O fenômeno da corrupção foi tratado numa perspectiva ampla. O enfoque estritamente jurídico foi afastado. O critério utilizado foi o socioeconômico. Em outras palavras, foram apontados os tipos de vantagens indevidas observados em Pindorama a partir das várias possibilidades de atuação do Poder Público.
O primeiro e mais elementar nível de corrupção indicado por Josef K. envolvia uma ou mais ações nitidamente ilícitas. A vantagem indevida, normalmente de natureza pecuniária, decorria da prática de uma ou mais infrações diretas e inequívocas à ordem jurídica (crimes, atos de improbidade, irregularidades disciplinares, etc).
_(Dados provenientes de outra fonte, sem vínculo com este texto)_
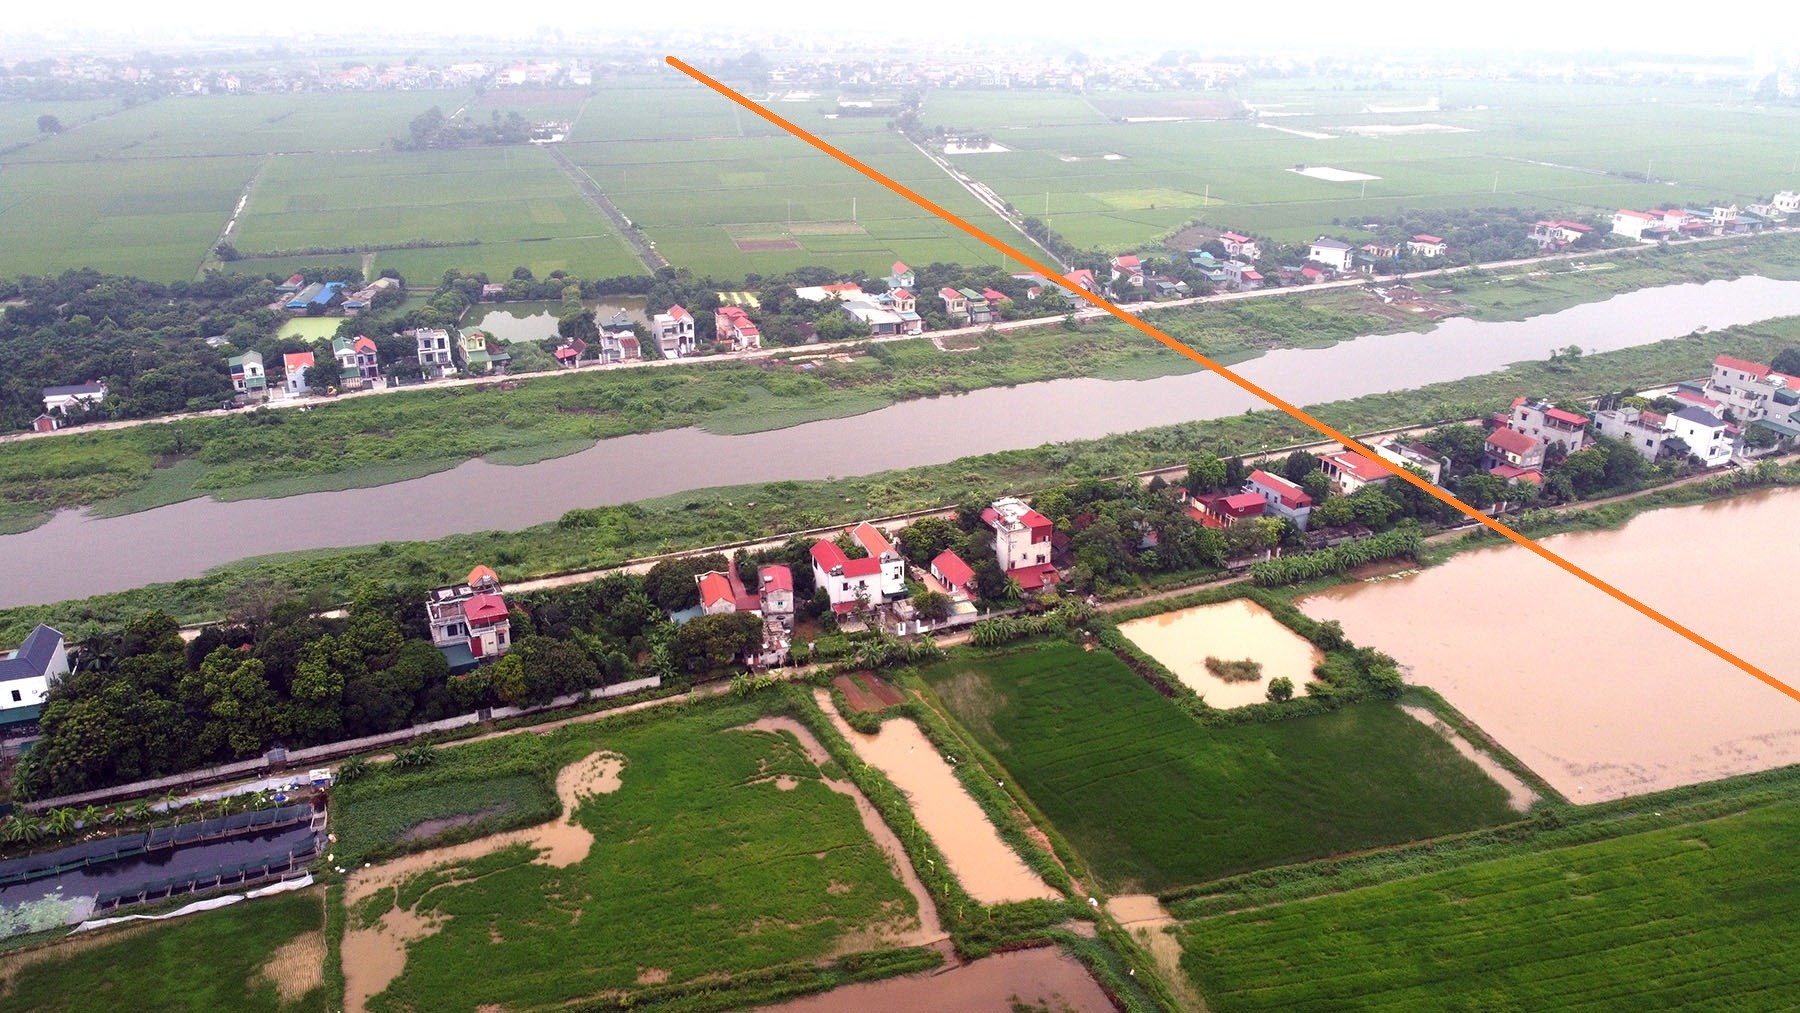 Toàn cảnh vị trí dự kiến xây cầu vượt sông Nhuệ nối xã Nhật Tựu, Kim Bảng với Ngọc Động, Duy Tiên, Hà Nam
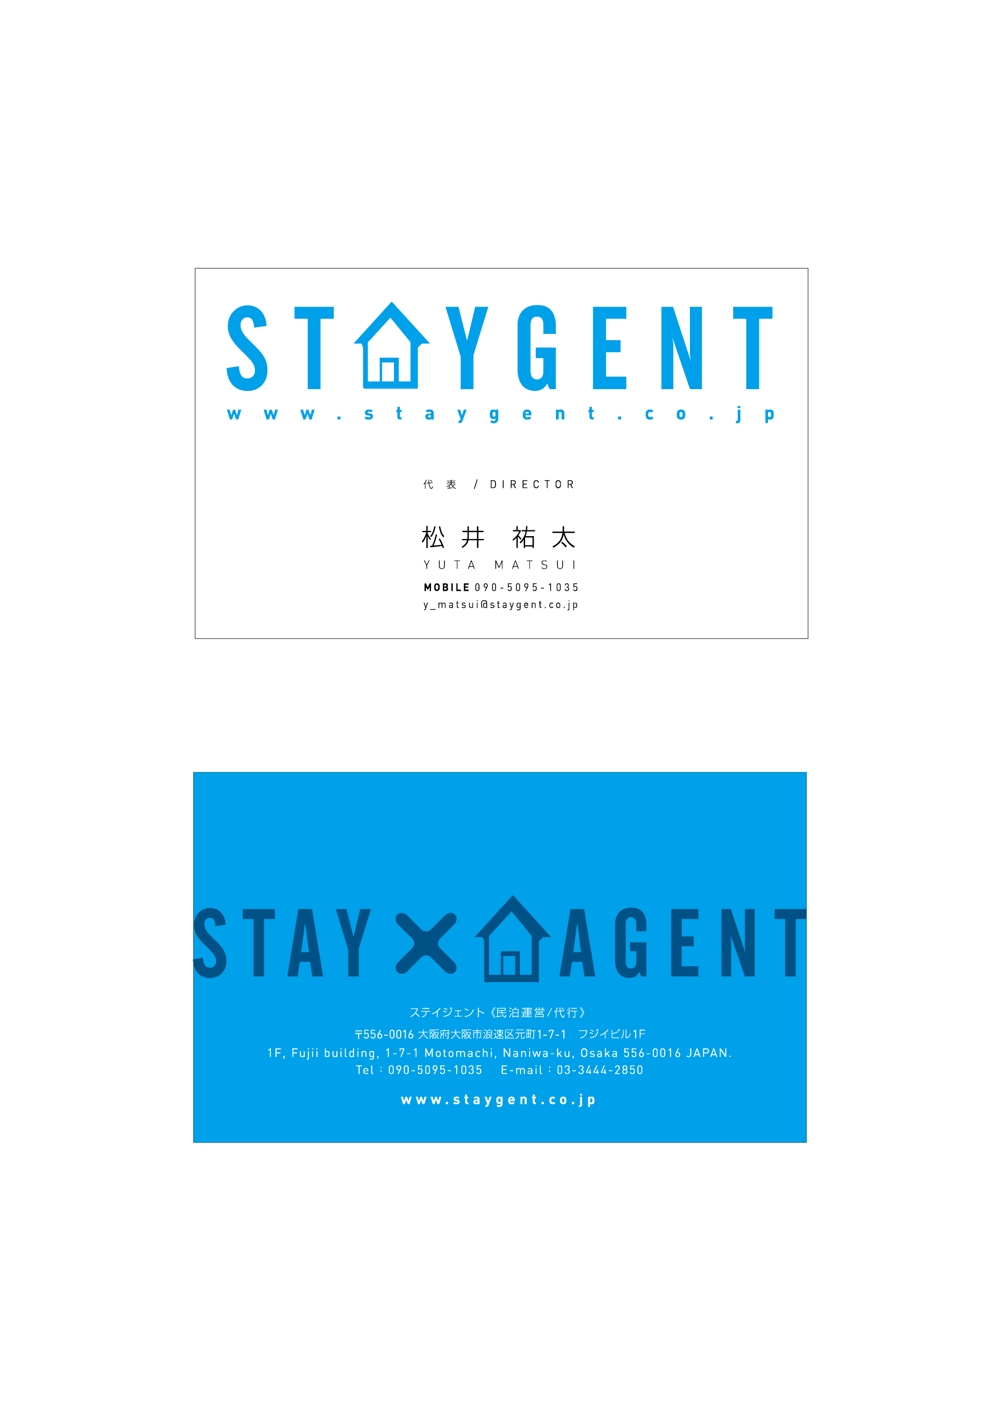 民泊運営会社「Staygent」の名刺デザイン

O exemplo apresentado por Josef K. compreendia uma quadrilha comandada pelo ex-presidente Devair Mascaro, com uma longa história marcada por incursões no garimpo ilegal, vínculos com milícias, apropriação de remunerações de assessores parlamentares, operações com dezenas de imóveis em dinheiro vivo, utilização de informações privilegiadas, uso irregular de verbas parlamentares, esquemas com organizações não-governamentais e outras peripécias “estranhas”. Segundo investigações da Polícia Nacional, o ex-presidente e vários de seus antigos assessores, civis e militares, se apropriaram e venderam vários itens presenteados ao então chefe de Estado por governos estrangeiros. Entre esses bens, integrantes do patrimônio público, estavam relógios, joias, pedras preciosas, esculturas, telas, objetos de decoração e equipamentos eletrônicos. Os muambeiros de luxo, segundo relatório apresentado ao Supremo Tribunal de Justiça, conseguiram levantar a quantia de 525 mil dólares americanos.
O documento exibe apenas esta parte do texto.